Types of retirement accounts: How to prepare your financial future
This retirement account is one of the most used by workers in the United States, since it is a ‘standard’ option that is easy to access and in which the employer makes contributions to match the amount that the employee saves. Among the most outstanding benefits of the 401 (k) savings account is the exemption it offers in the payment of taxes. This means that the amount designated for savings, which will go directly to the 401 (k) will not be taken into account on your tax return.
SEP IRA for retirement
A simplified employee pension, or SEP IRA, is a type of savings account that is especially useful for self-employed people who do not have a fixed income. Among its advantages is a higher rate of voluntary contributions. Entrepreneurs and self-employed workers can access a cheaper retirement plan that allows them to increase their savings, with a maximum limit of 25% of total income, or an amount of up to $61,000 dollars.
A traditional IRA (Individual Savings Arrangement) savings account can be opened and managed by the beneficiary, regardless of whether he has access to a 401 (k) plan, as long as he has taxable income. Both the traditional IRA and the 401 (k) are similar. The taxpayer can deposit money tax-free into the account, which can grow until the person wishes to withdraw it. However, there are age restrictions and a maximum limit of money ($50,000) that can be accumulated and withdrawn.

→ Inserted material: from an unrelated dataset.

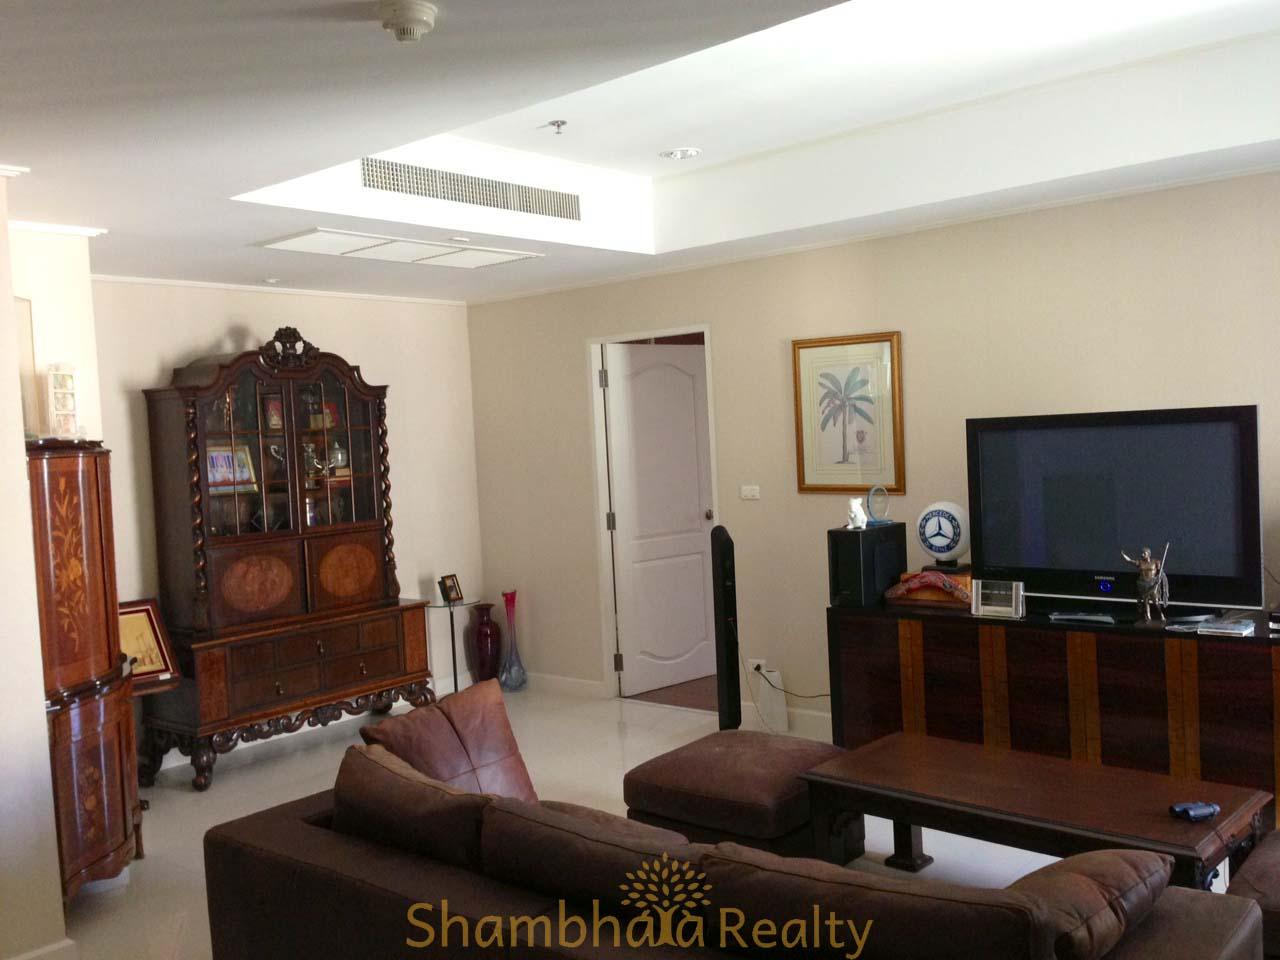 Shambhala Realty Agency's For Sale: La Vie En Rose, 3 Bed/4 Bath, Good location condo in Thonglor area 2

The individual 401(k) savings account has both advantages and disadvantages. For example, it allows higher contributions than in other accounts, which mainly benefits small entrepreneurs and those who work independently and who do not have contributions from a employer. Another advantage of the individual 401 (k) plan is that the taxpayer can make voluntary contributions of up to 100% of their total income, whenever they want, acting both as an employee and as an employer.

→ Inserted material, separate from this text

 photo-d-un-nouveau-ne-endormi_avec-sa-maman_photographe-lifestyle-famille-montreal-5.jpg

With a traditional IRA savings account the age to start withdrawing the money saved is 72 years. In the case of the Roth IRA, the taxpayer can dispose of the money at any time, without penalties or taxes. The difference between this account and the traditional IRA, and even the 401 (k) plan, is that the beneficiary will pay taxes at the time of making their contributions and will only be able to open an account of this type if their annual income is less than $144,000 ( in 2022).